I rolled my eyes, having seen that one coming a mile away. I didn’t want to ooze anything, and a gown seemed like the last thing people wore to an outdoor gallery. It was exactly the thing women wore at the stuffy parties she’d shuffled me to growing up.
My silence must’ve been a dead giveaway that I wasn’t taking her advice, a breathy huff overpowering her end. “You have to, Keely. People know you’re our daughter. Besides, you could meet someone looking for a pretty, little wife.”
And the other shoe dropped. Every woman on her side was wed and bred by the time they were twenty until I came along. I was two years past my expiration date in her eyes and well on my way to becoming a spinster. When I told her I signed up for grad school, I thought she’d disown me, college degrees nothing but a wall decoration for women as far as she was concerned.
“Okay, Mom.” There was no point arguing. As long as I let her think she was right, she’d give it a rest.

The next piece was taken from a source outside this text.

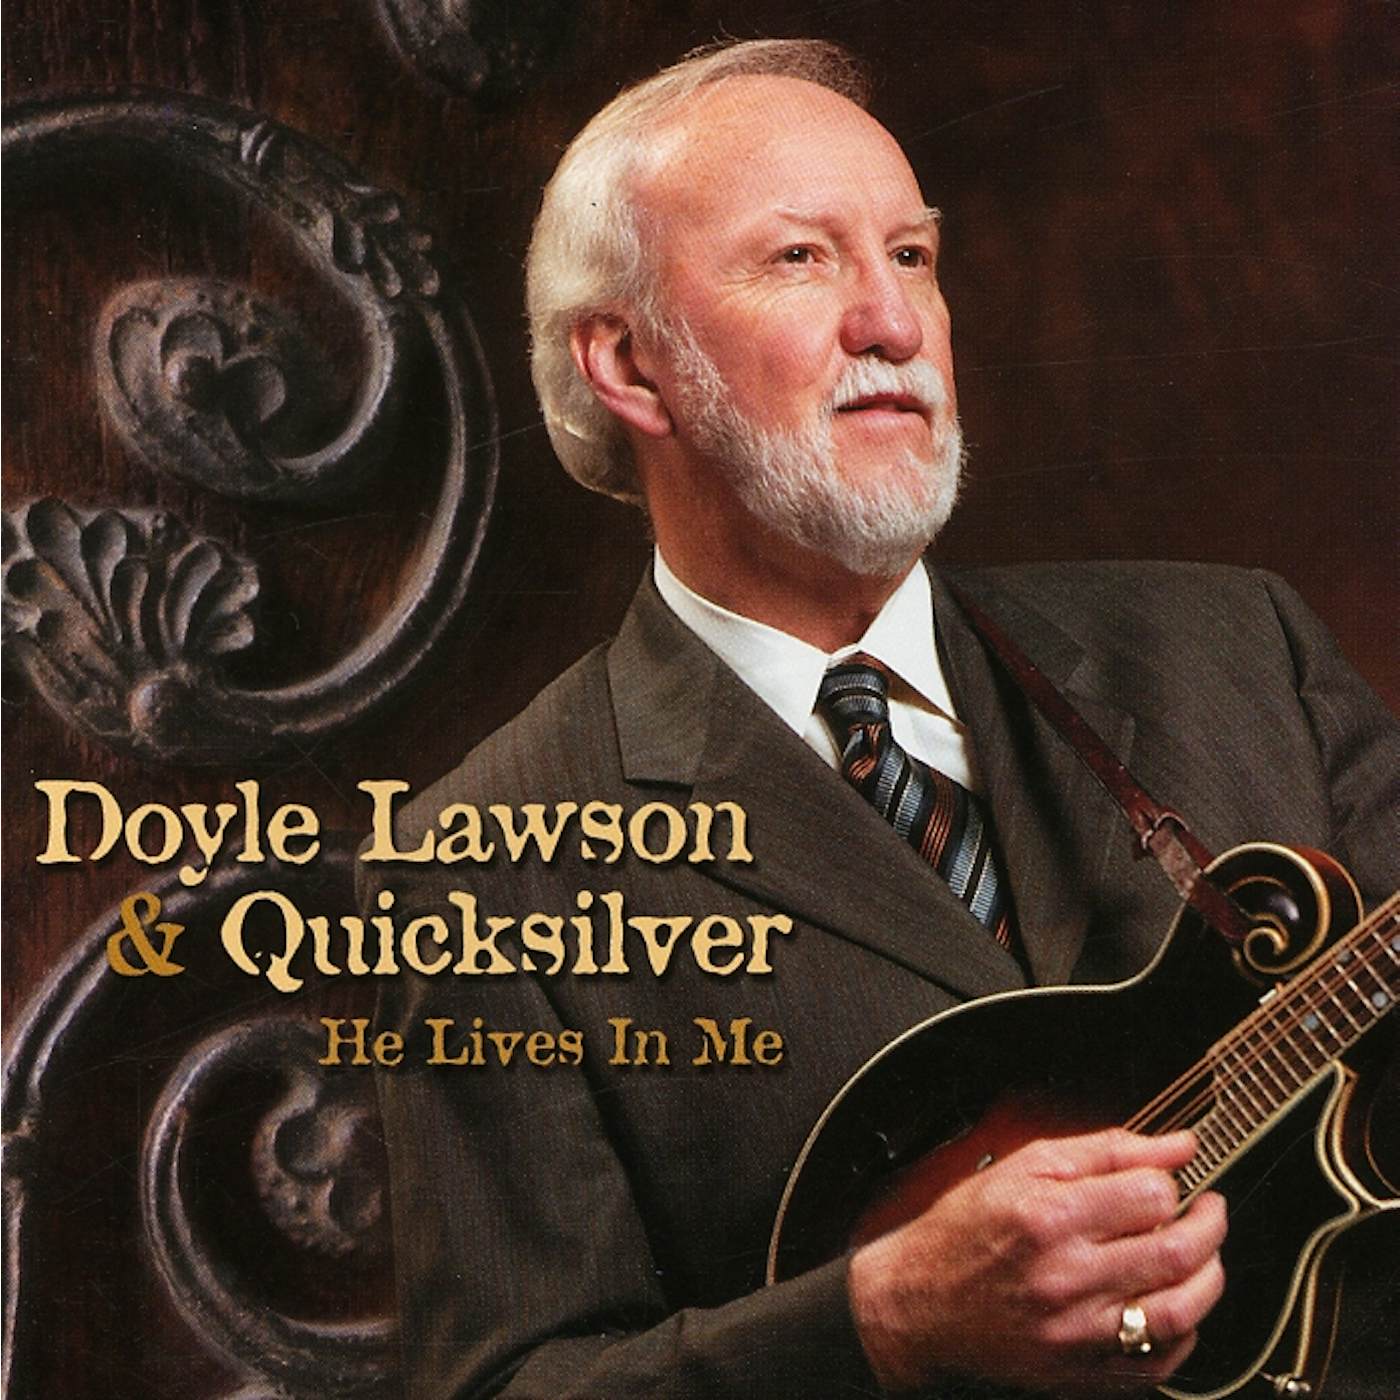 Doyle Lawson & Quicksilver HE LIVES IN ME CD

“Make sure it has a cinched waist. Corsets are in again, honey.”
Ha. As if. I wouldn’t be caught dead in a corset. Bodice boning was bad enough. I couldn’t imagine intentionally squishing myself like a sausage. I’d end up passing out before I got there.
“Are you even listening to me?” she groused. “You never listen to me!”

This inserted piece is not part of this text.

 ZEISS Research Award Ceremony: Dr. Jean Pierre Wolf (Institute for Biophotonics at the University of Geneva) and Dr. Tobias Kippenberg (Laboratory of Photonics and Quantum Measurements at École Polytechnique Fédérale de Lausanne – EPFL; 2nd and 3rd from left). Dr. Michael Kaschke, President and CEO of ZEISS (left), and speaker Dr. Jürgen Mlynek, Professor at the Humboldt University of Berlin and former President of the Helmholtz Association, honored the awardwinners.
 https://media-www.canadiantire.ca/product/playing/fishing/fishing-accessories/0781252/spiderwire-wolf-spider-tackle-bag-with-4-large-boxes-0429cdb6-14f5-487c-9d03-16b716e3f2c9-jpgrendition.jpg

I closed my closet in defeat, mentally preparing myself for the fashion assault on my senses in the morning. “I’m listening, Mom.”
“Are you going with someone? Are you dating? Why didn’t you tell me?” she fired off, each question exploding like a rocket.
“Slow down!” Good Lord. “We aren’t dating!” For all I knew, it wasn’t even a date.
“Honey, he invited you to a Lorelei event. That isn’t something you invite a friend to.”
Of all the friggin times for her to be eavesdropping, of course it had to be then. With the Lorelei bit out of the bag, I was done for. “Mom, relax.”
“Don’t relax me, Keely Eileen! This is serious stuff! Why are you keeping secrets from your mother?”
Buckle up. A Marjorie Doyle guilt trip was about to kick off if I wasn’t careful. “Can you stop, please? This isn’t some grand conspiracy against you.”
“She’s hiding stuff from us, Sean! I told you this would happen!” A sniffle on the other end confirmed that the crocodile tears were coming. The same tears that led me to live on campus at a college less than a half hour away, eager to breathe.
I sat on the edge of my bed, a knot forming in my gut. As usual, everything was my fault. I’d long outgrown my purpose. “I want to talk to Dad.”
“No, no! We’re not finished here! Why are you acting like this?”
I counted to five in my head, a little trick I’d learned from one of the many therapists I’d seen over the years. The people that knew the ins and outs of the Doyles like no one else. Mom would be thrilled if one ever threw ethics to the wind and wrote a tell-all about us.
“I already said I’m not dating anyone. I’m single. Happily so.” Maybe the last bit wasn’t true, but my private life would remain just that - private.
“You’re impossible.” The phone dropped then, a loud bang on the other end.
“She stormed outside in a huff,” Dad murmured a moment later. “Congratulations.”